Corporate training is a $50 billion a year industry.  Its influence is one reason we still believe so firmly in fixed personality traits.  Another is based in the theory that we simply see what we want to see, that we seek out examples of certain traits and fix them to people.  Personality, then, is an illusion.

Yet another curious idea is that personality, while unfixed and changeable overall, is consistent in a particular context.

Lee Ross, a psychologist at Stanford University, has another intriguing idea. . . He thinks we actually are seeing consistency in human behavior, but we’re getting the reason for it wrong. “We see consistency in everyday life because of the power of the situation,” he says.  Most of us are usually living in situations that are pretty much the same from day to day, Ross says. And since the circumstances are consistent, our behavior is, too.”


– Alix Spiegel, “Is Your Personality Fixed, Or Can You Change Who You Are?” from Invisibilia on NPR.

Every so often, I look up exes to see where they’ve wandered.  It’s a rare indulgence — rare enough that when I find them again, they have crossed oceans of life.  One fellow was all braggadocio masking incompetence and sloth.  He was stuck in debt and working a customer-service job he hated.  Now runs his own business.  His company lead tours in the mountains and edu-tains high school groups in the nation’s capital.  The contrast is startling.  It’s a marvel that he’s so completely not who I thought he was. . . or rather, that the man he was at that time and place was only one slice of a much larger, evolving person.

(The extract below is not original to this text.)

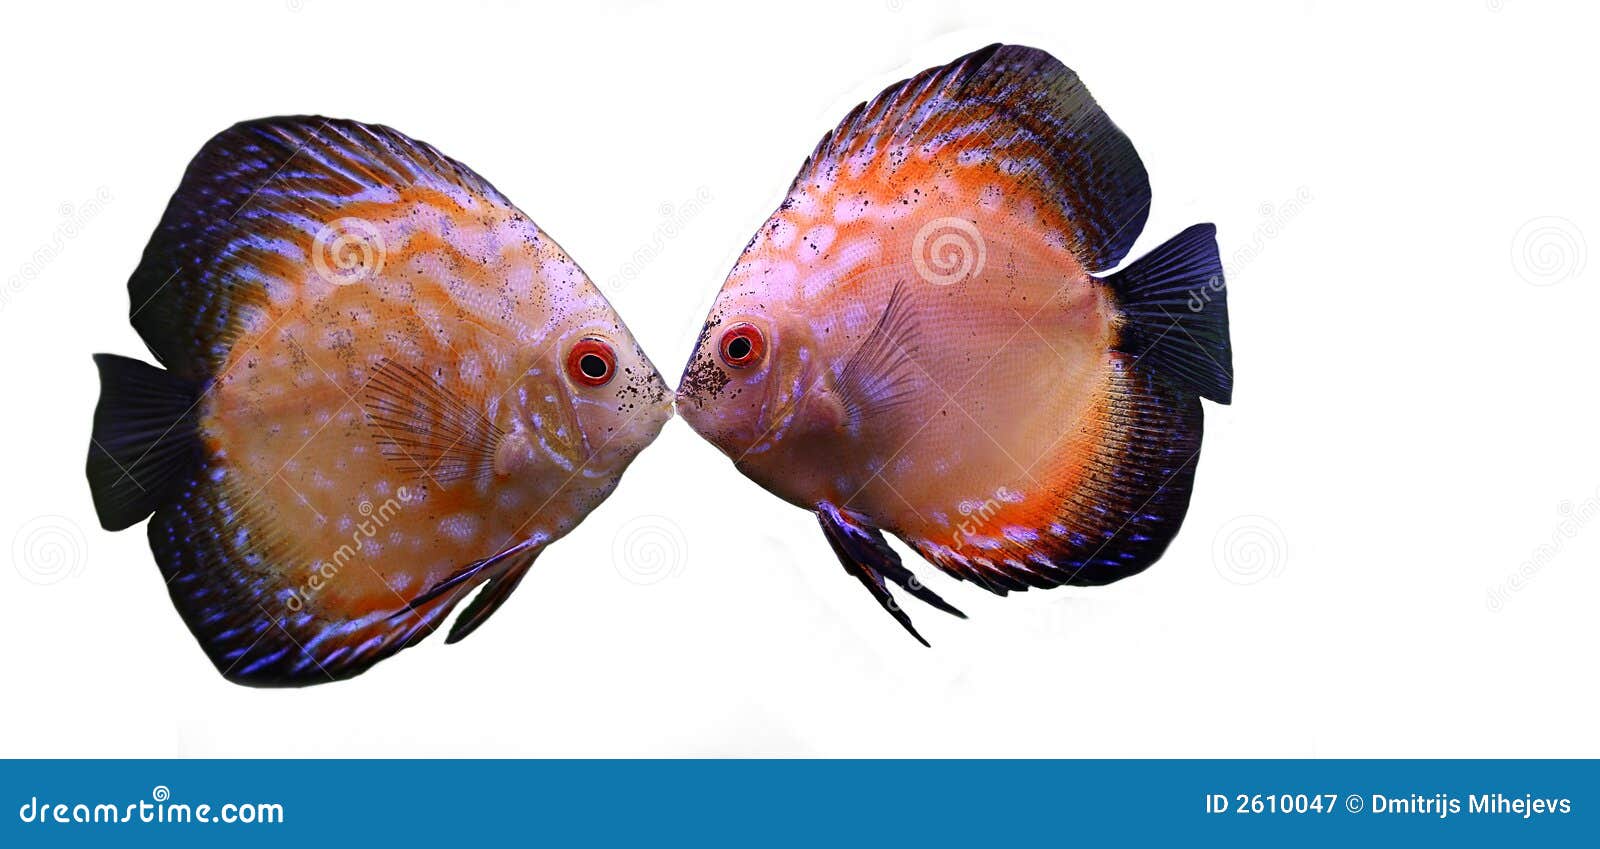 Fish kiss stock image. Image of animal, love, freshwater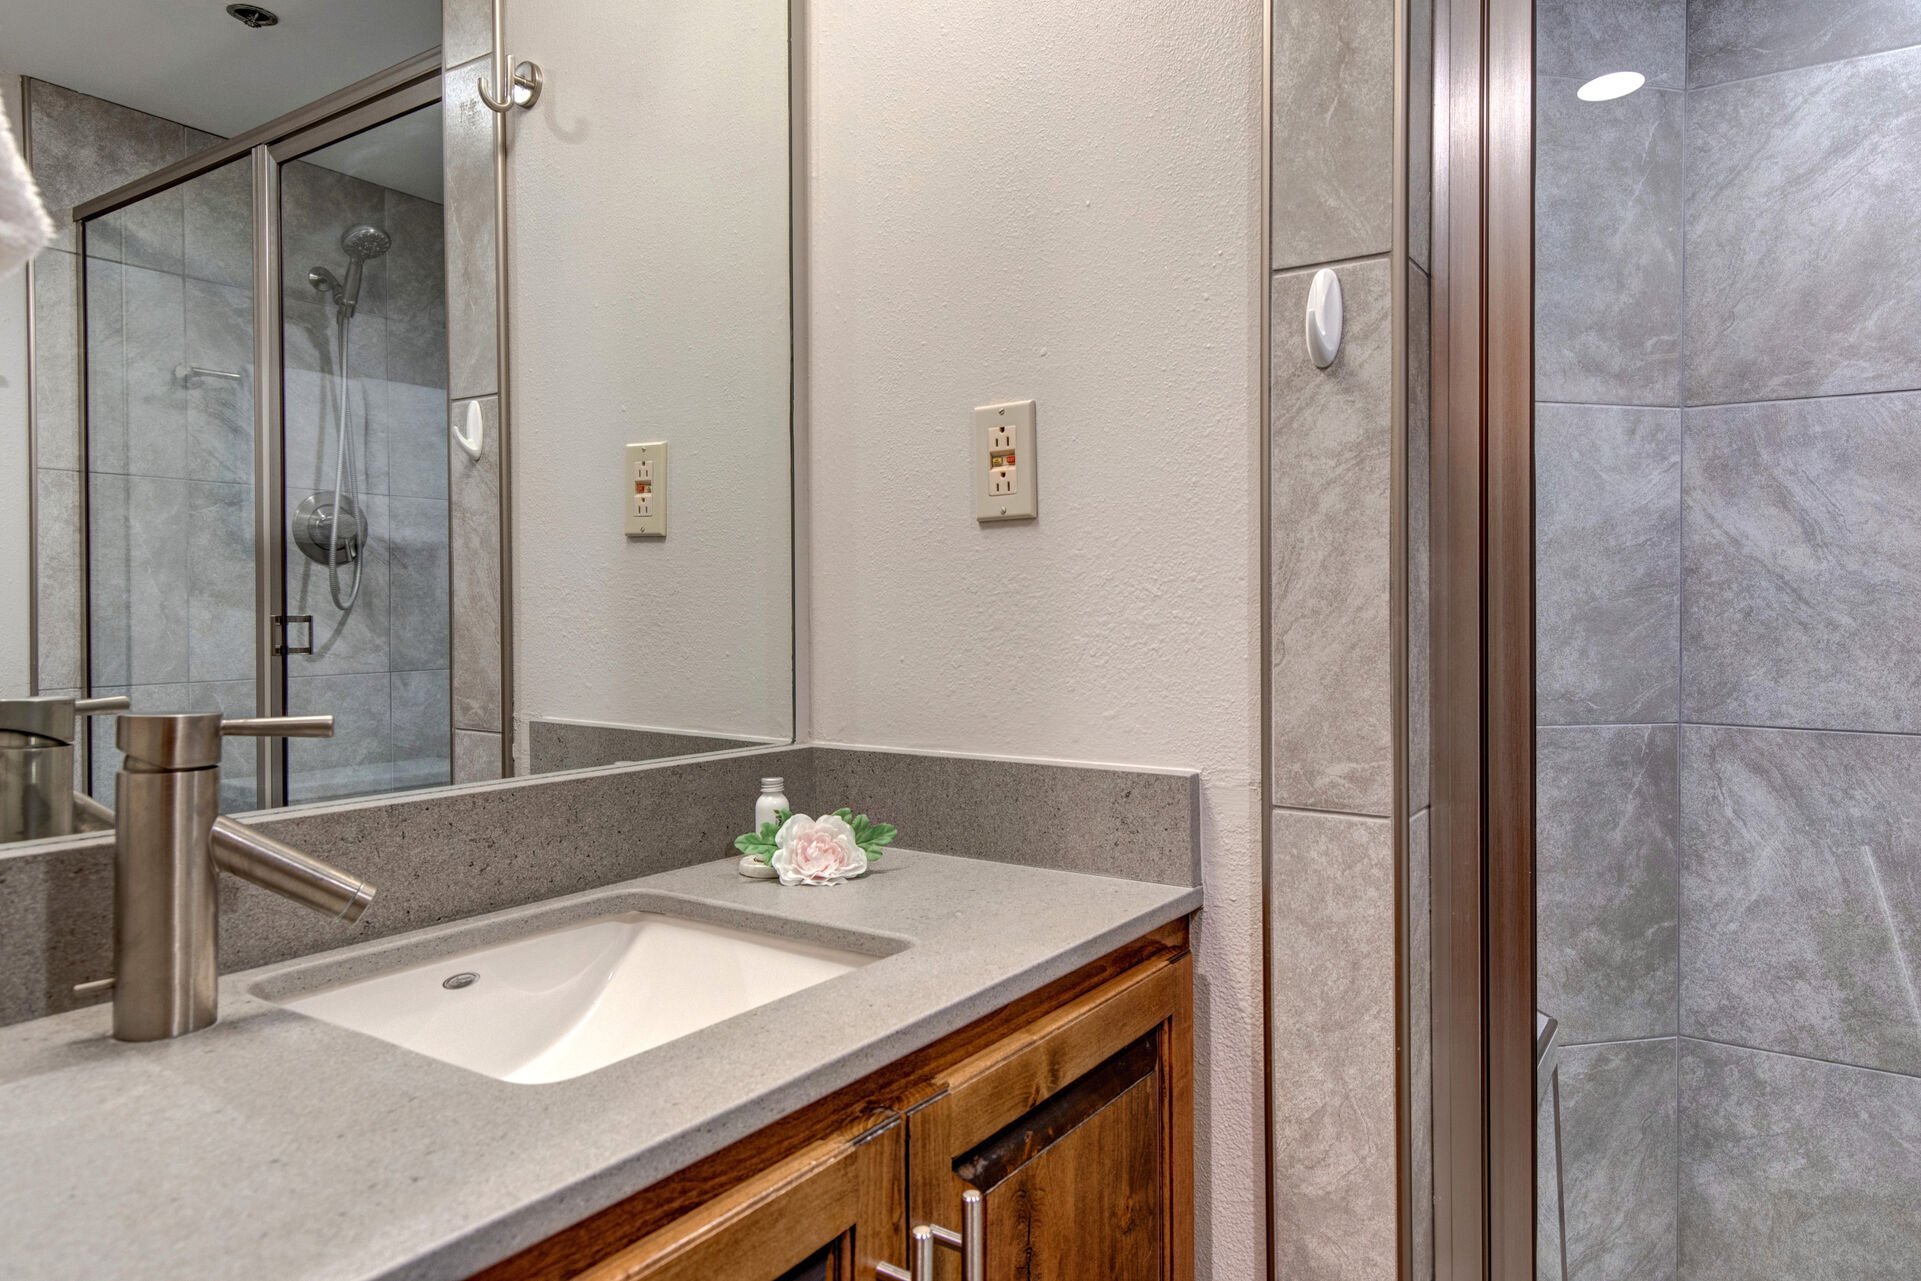 Shared Full Bathroom with tile & glass shower

Traits may not be as inherent as we assume.  Change the context, and the person himself can change.

If I want to become someone different (as indeed I do, with regard to how I approach my career and family), it’s not going to work for me to do so in the current stage-set of my life.  If an environment rewards mediocrity, how can a person develop drive?

Shifting the situation invites a reworking of the self.

Taking on a project in a volunteer setting, or stepping into a leadership role in the kiddo’s school, or diving into HOA budget management, or committing to a regular childcare exchange with other parents in the community. . . these are just a few of the ways to “become” someone different.  A new role in a new context allows for the cultivation of qualities not yet fully formed in the familiar self.

My son and I are not “who we are,” despite the inane it is what it is trope that comforts our dissonance and excuses our inertia.  If we aim to invite a fuller version of ourselves, then we must change what we do, and where, and when, and how.


 Image:  Micah Bazant from the Trans Life & Liberation Art Series

 

 

6 thoughts on “Becoming Who”

  1. Dear Smirkpretty, I am afraid that my comment to your post might read like a 1:1 copy of those spam comments every blog-writer receives all to frequently. But what you wrote here about the plasticity of personality types, Myers-Briggs test and so on reads very interesting to me and I actuallity would like to consider it useful for my daily work in different teams and networks of people. Thanks a lot for the great introduction to this subject and your valuable points of thought.
    Best regards, Michael

    PS: I guess that the spelling and grammar mistakes in my comment are the proof that I am not a spam robot !

    1. Thank you! It’s fun stuff to think about, and it’s always changing with new research nudging old theories to adapt or die. I imagine you’re never bored in your work.

  2. Food for thought – this makes so much sense to me, though I’ve never considered it quite this way. But I have thought a lot about being careful not to pigeonhole my son and who everyone says he is. In support of your perspective, he’s had a very positive experience away at camp these past 5 (!!) weeks. Taking initiative. Leading. Being creative. Building things. No conflicts. I like the way your thoughts flow from Bug to personalities to people you’ve know – to a deeper lesson.